[Study material]

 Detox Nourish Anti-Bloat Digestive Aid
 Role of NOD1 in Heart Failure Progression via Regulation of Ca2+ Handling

[/Study material]
[Study material]

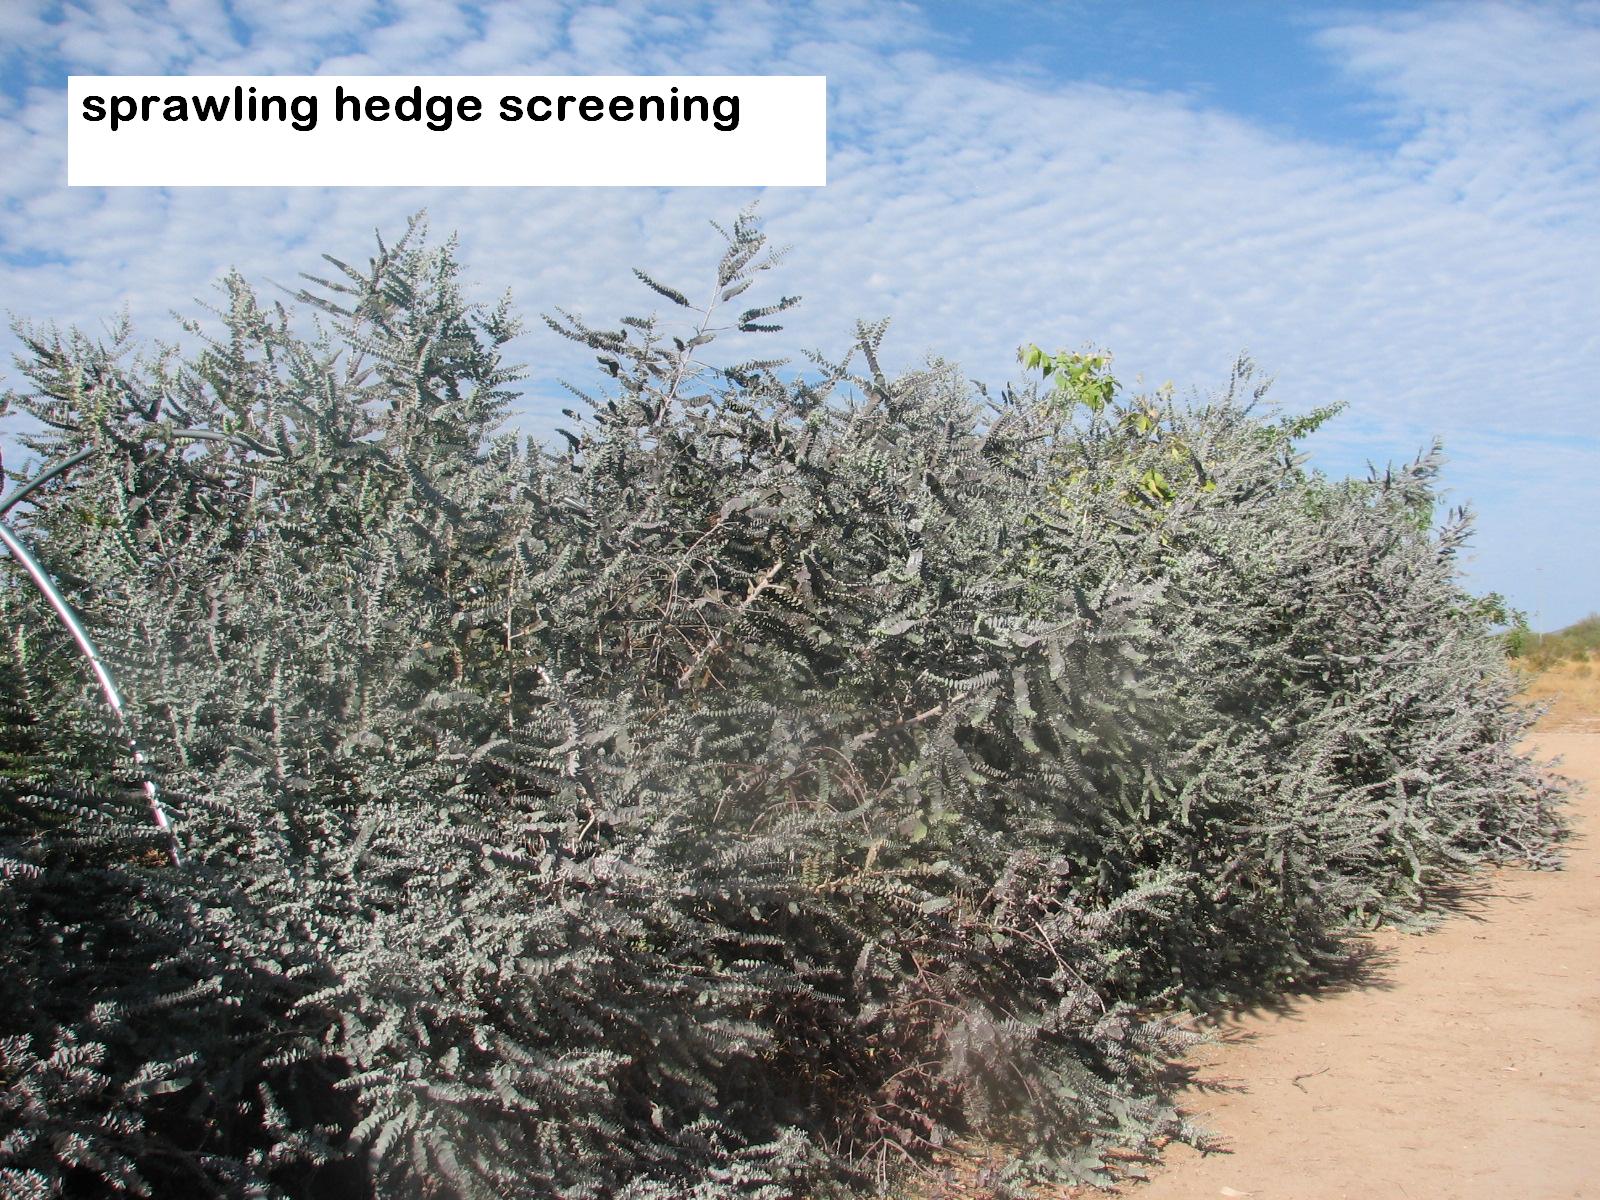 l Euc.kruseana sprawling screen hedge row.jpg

[/Study material]
[Study material]

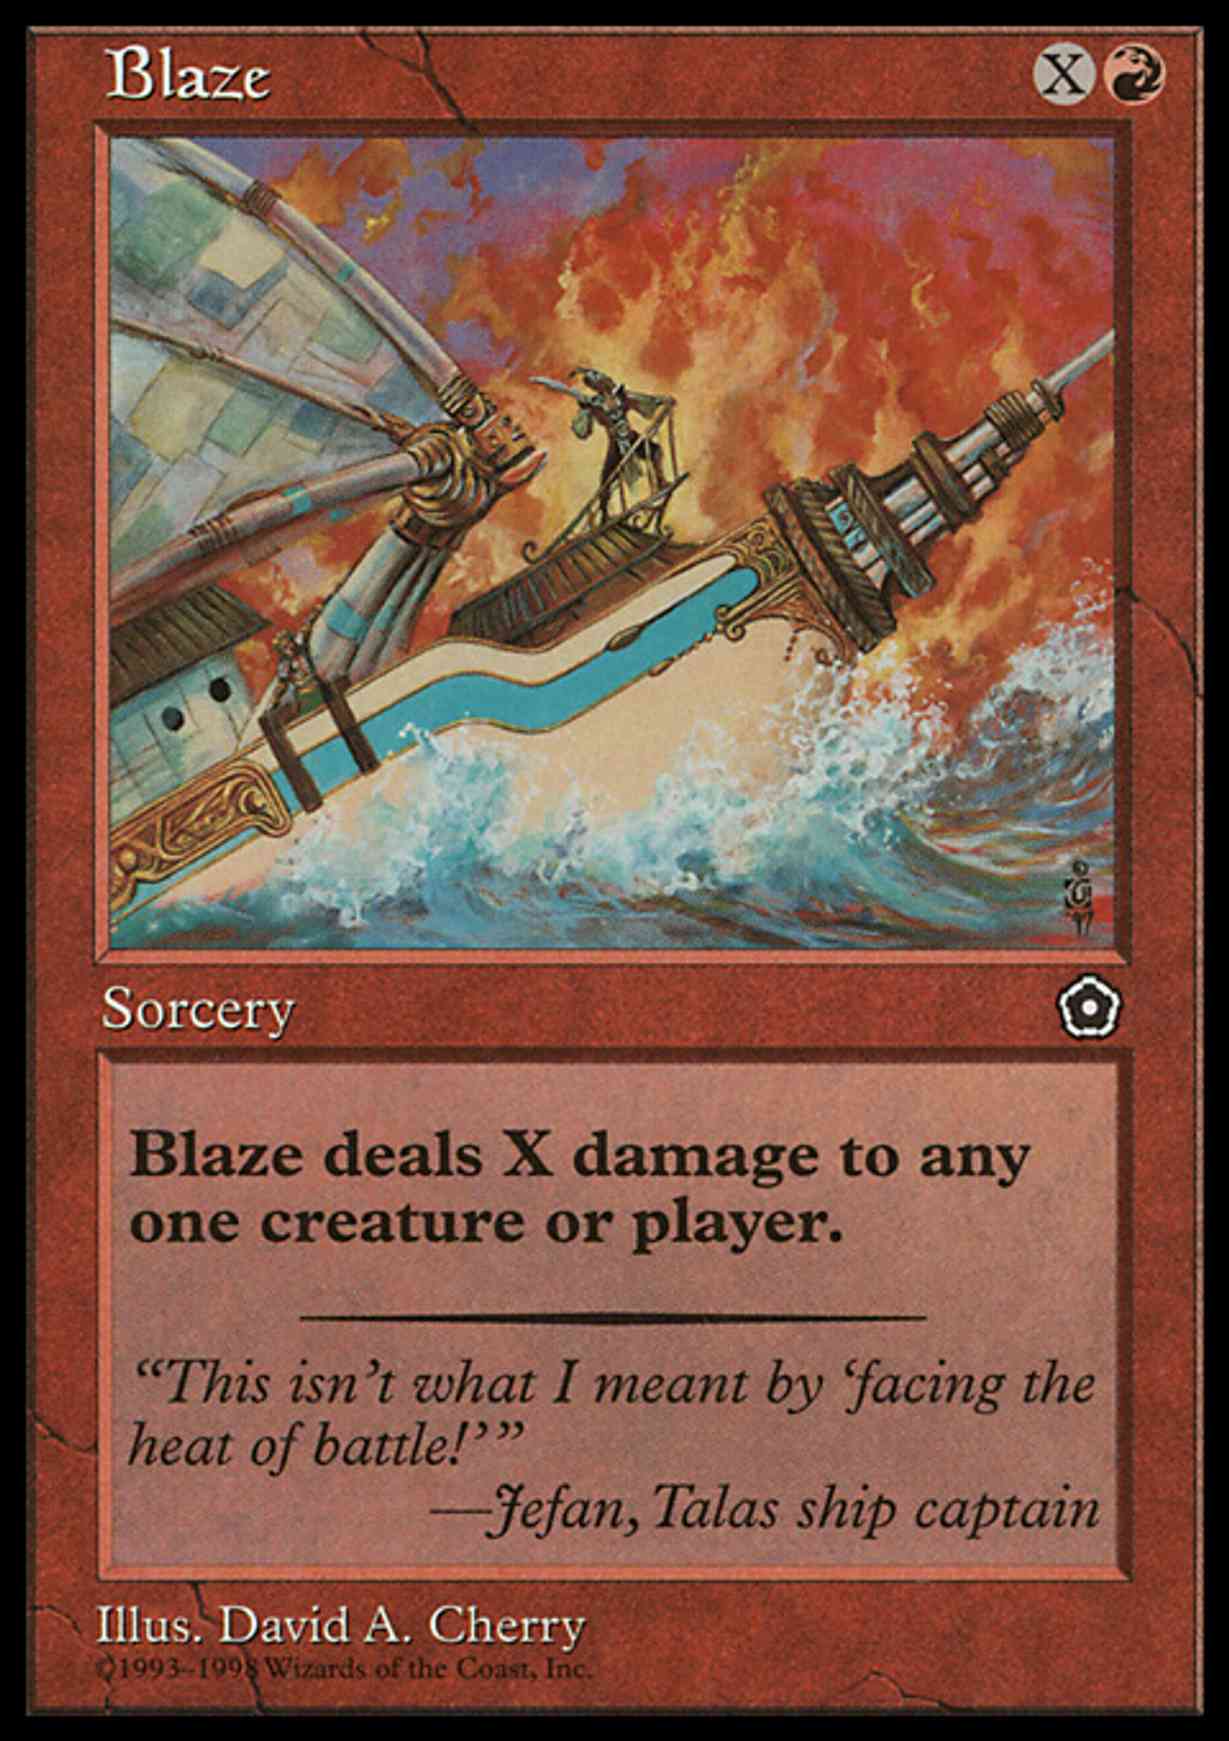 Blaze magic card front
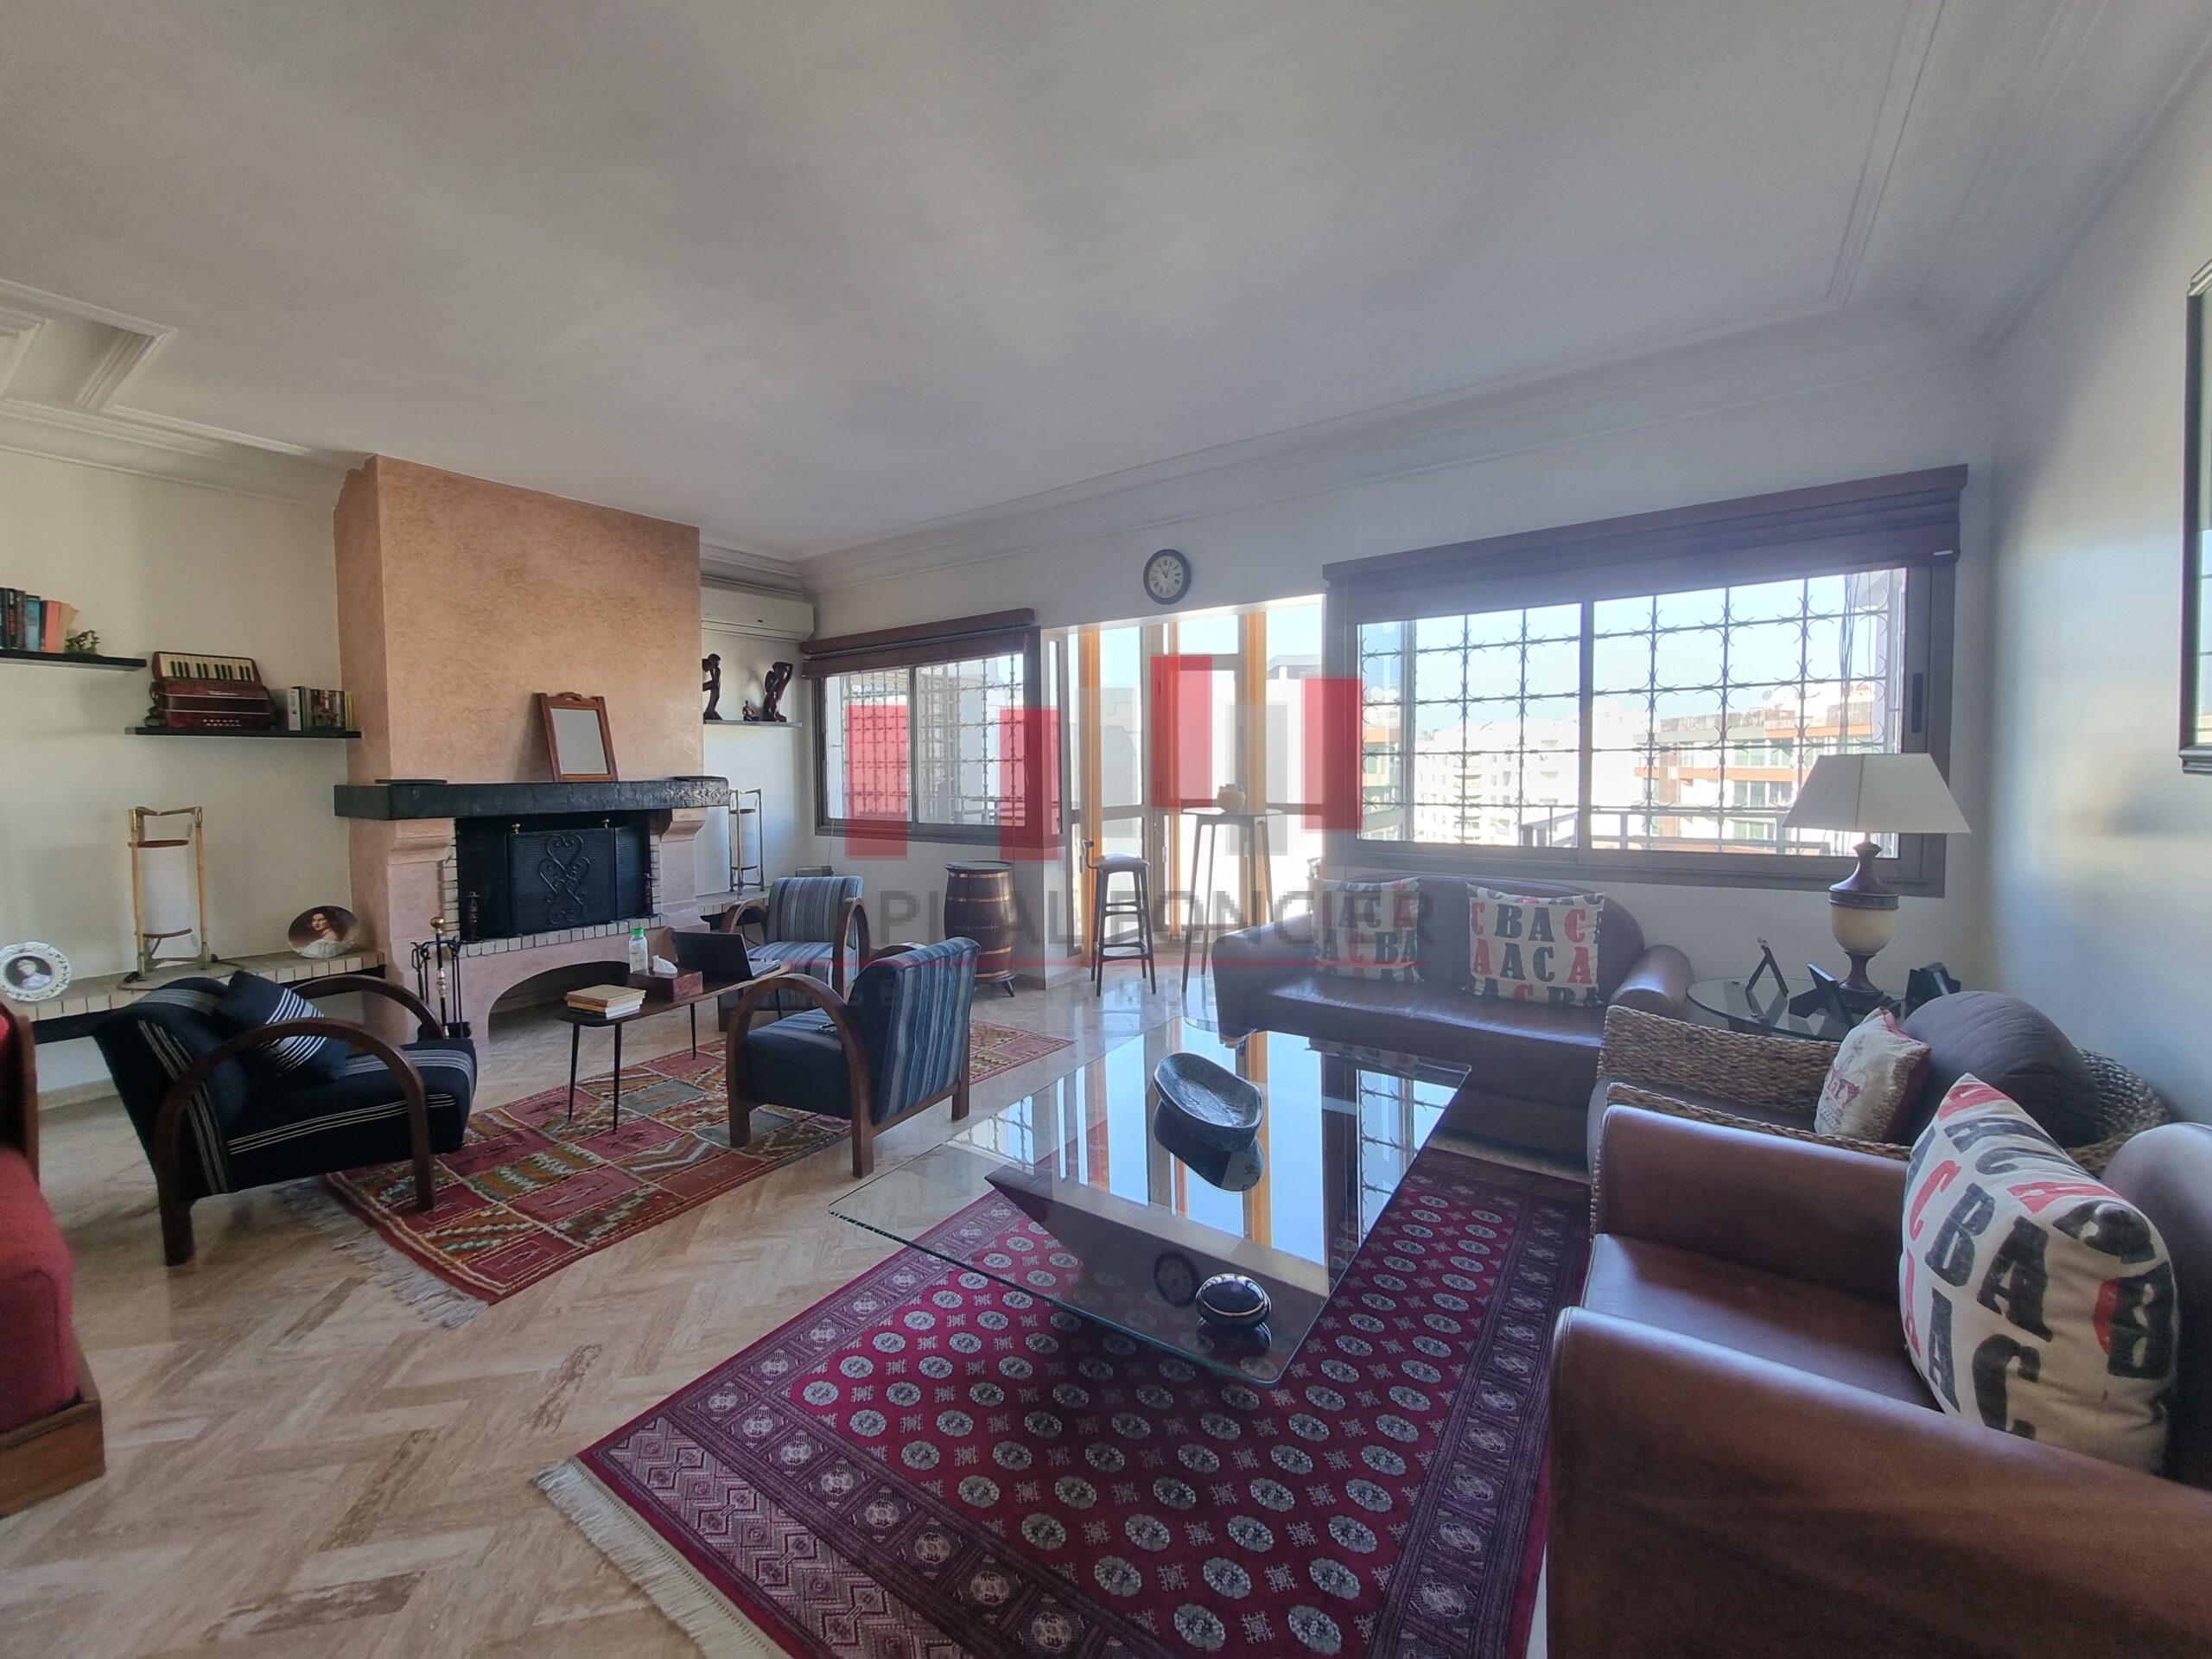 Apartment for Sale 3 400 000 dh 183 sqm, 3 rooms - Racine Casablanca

[/Study material]

_Task to complete:_ Once you reach the line with "Detox Nourish Anti-Bloat Digestive Aid" in the data above, copy it and every line after it exactly, up to and including the line with "Role of NOD1".

_The completed task:_
 Detox Nourish Anti-Bloat Digestive Aid
 Role of NOD1 in Heart Failure Progression via Regulation of Ca2+ Handling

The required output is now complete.